Information provided Start Marker

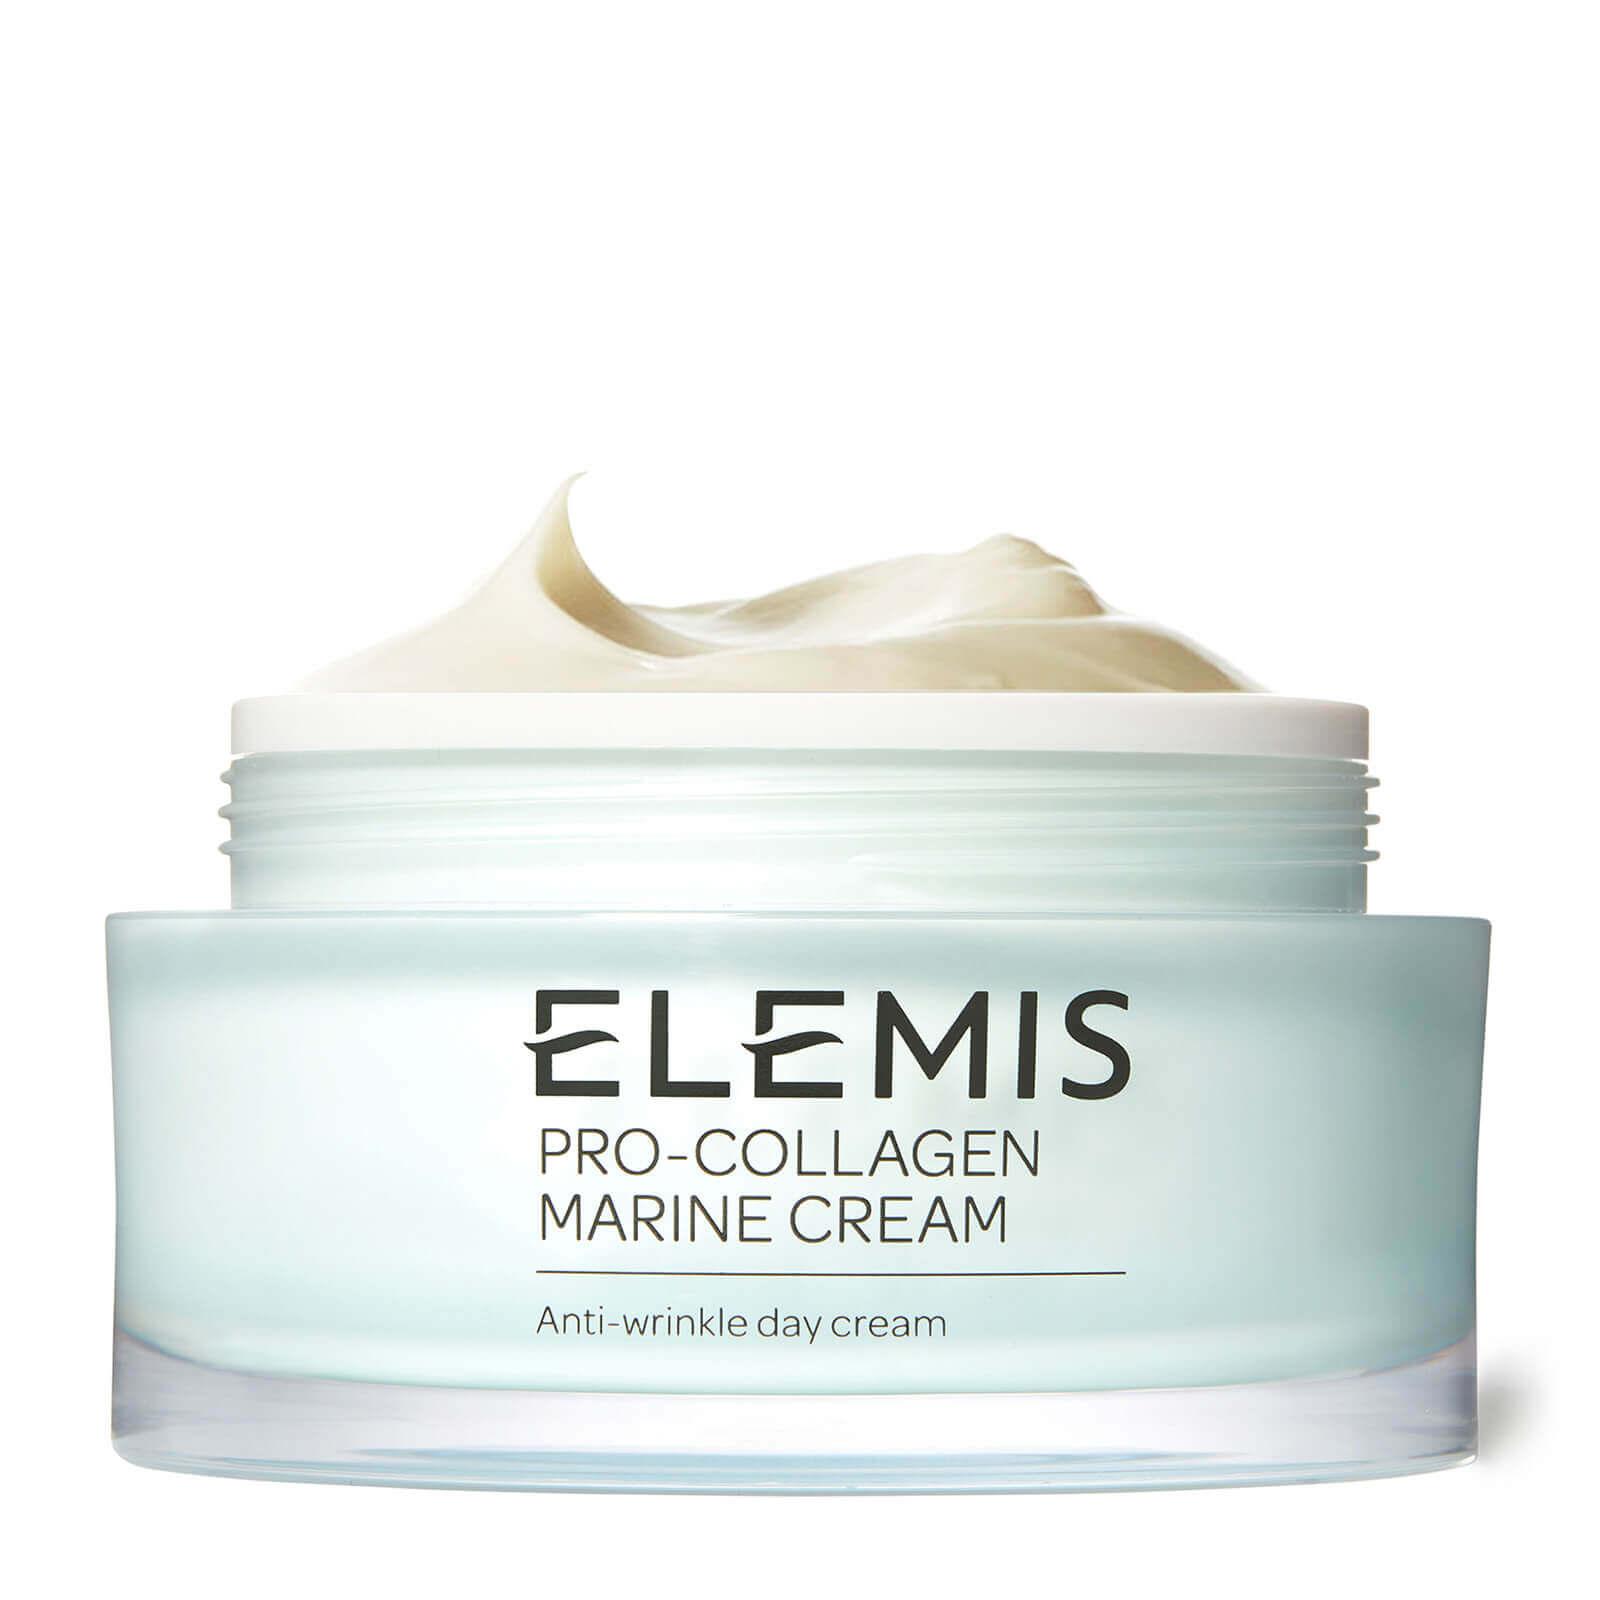 Elemis Pro-Collagen Marine Cream - 100ml/3.4 fl. oz
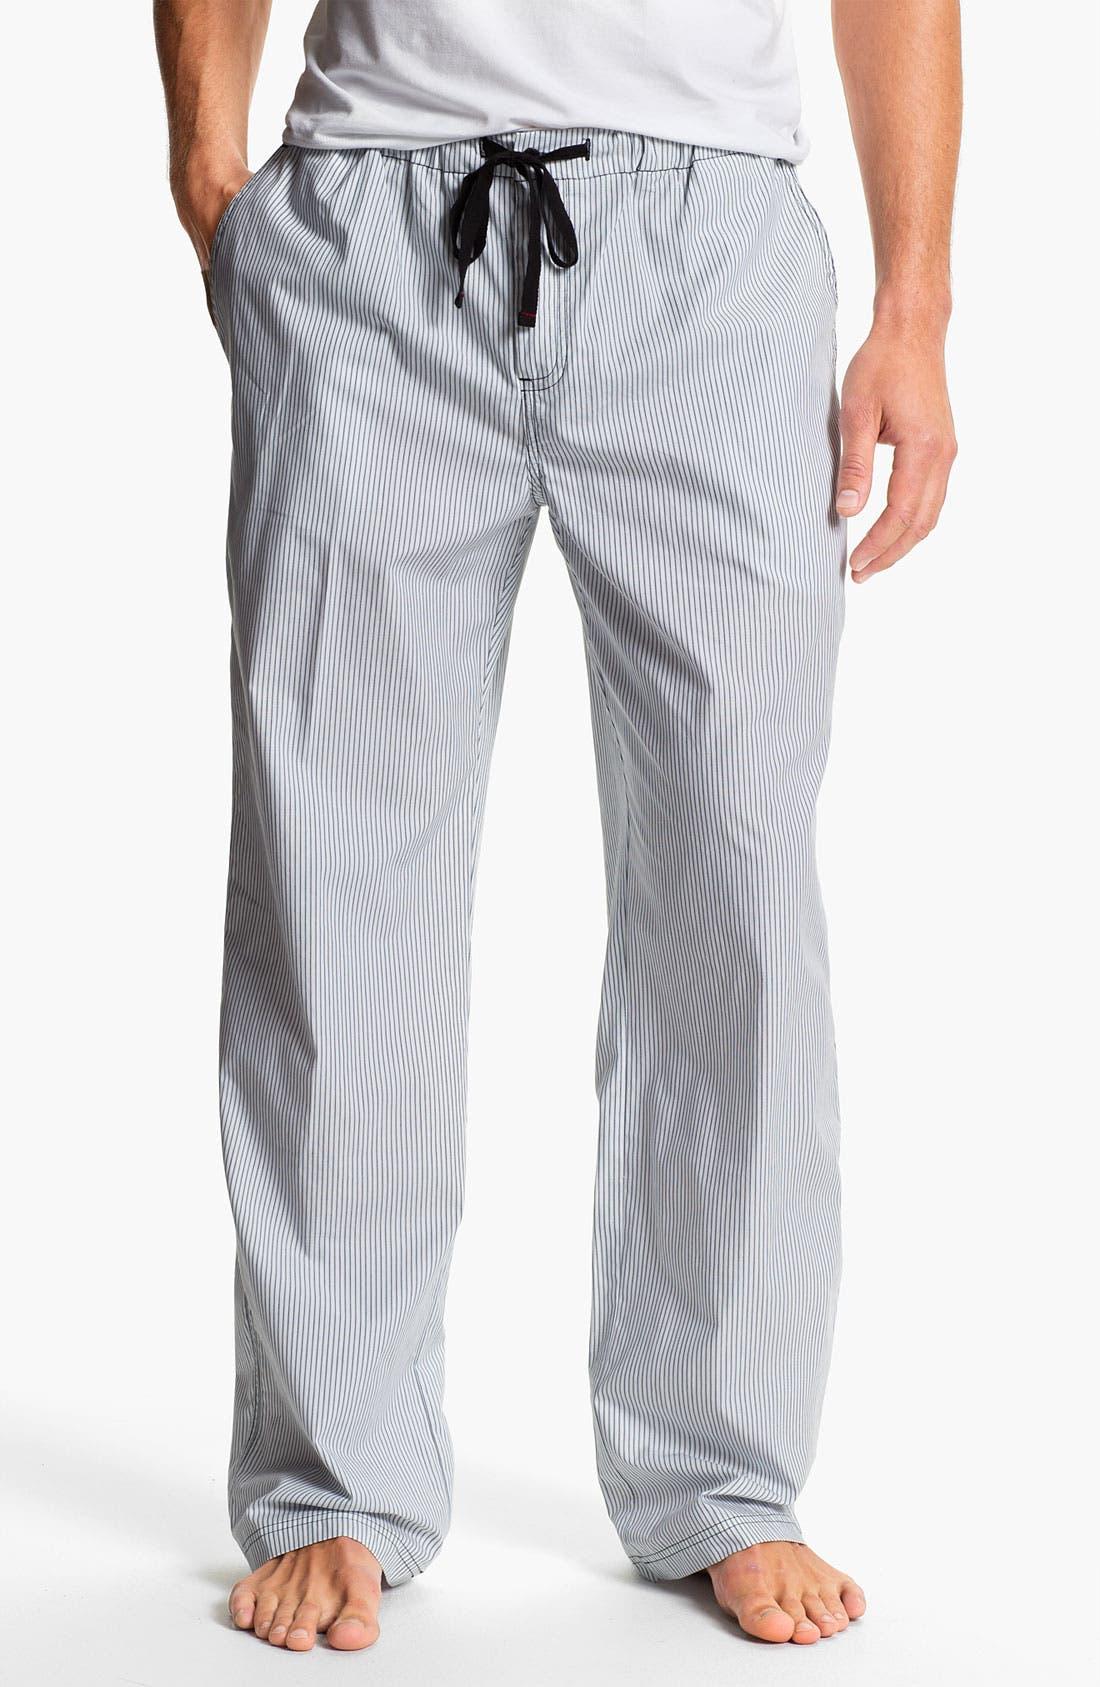 Alternate Image 1 Selected - Daniel Buchler Woven Cotton Lounge Pants
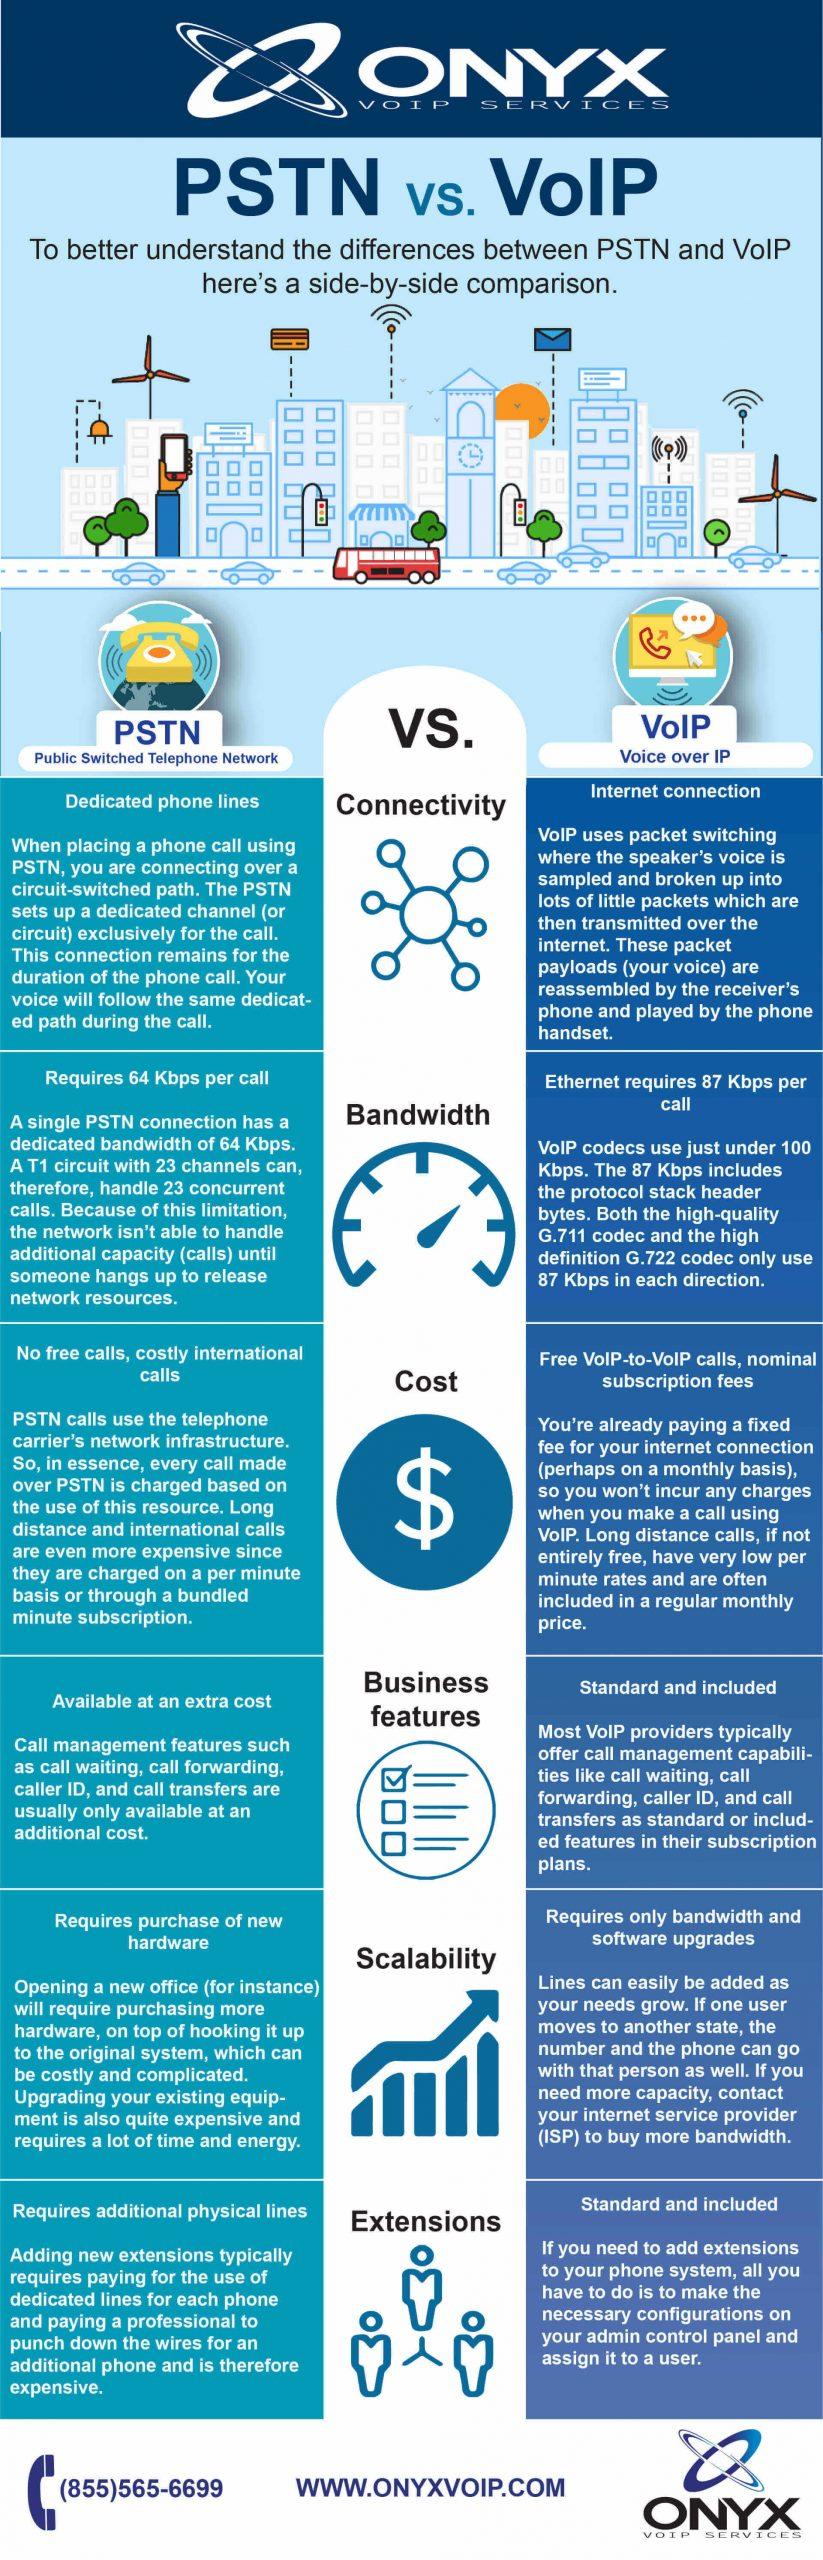 infographic-VoIP-communications-vs-PSTN-communications
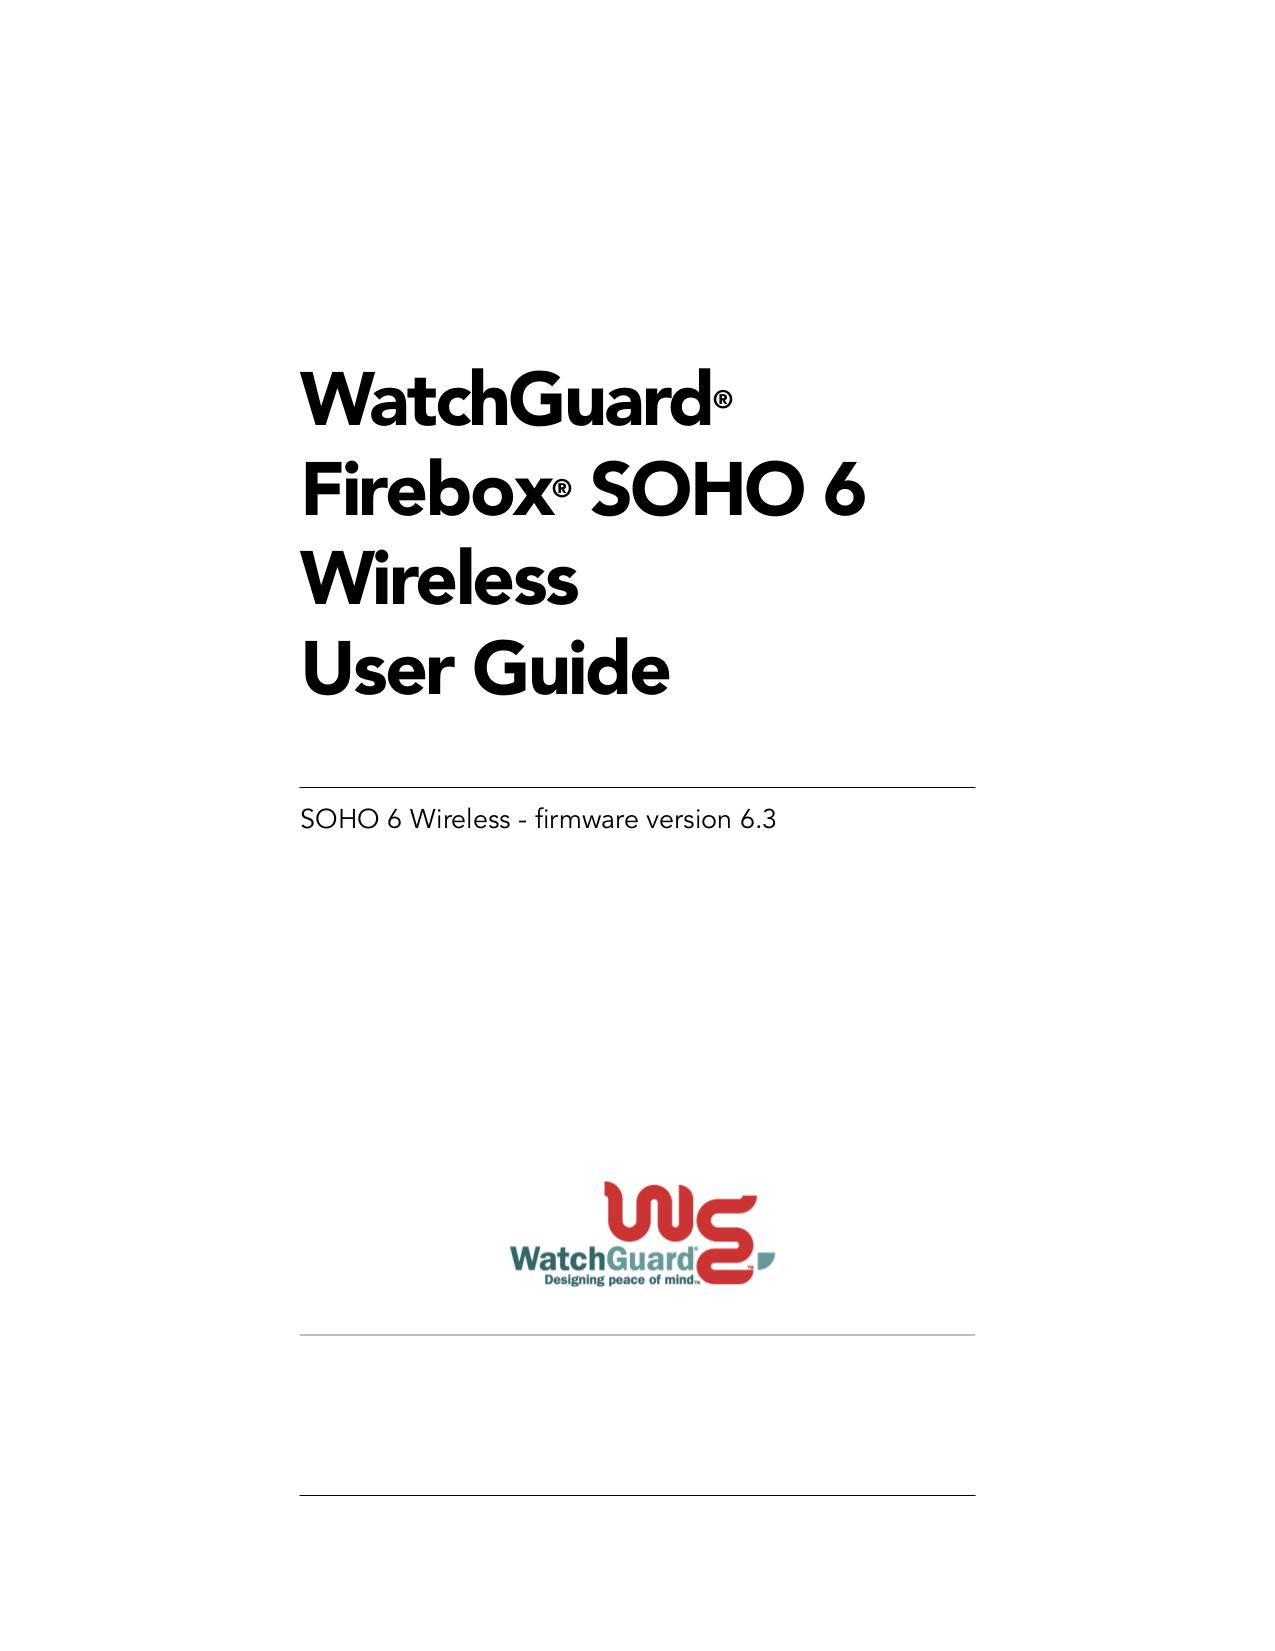 Download free pdf for Watchguard Firebox SOHO Firewall

Information provided End Marker

### Requirement
Write out, exactly as they appear, the lines from the one containing "infographic-VoIP-communications-vs-PSTN-communications" through the end of the material above, excluding pictures.

### Solved problem
 infographic-VoIP-communications-vs-PSTN-communications
 Download free pdf for Watchguard Firebox SOHO Firewall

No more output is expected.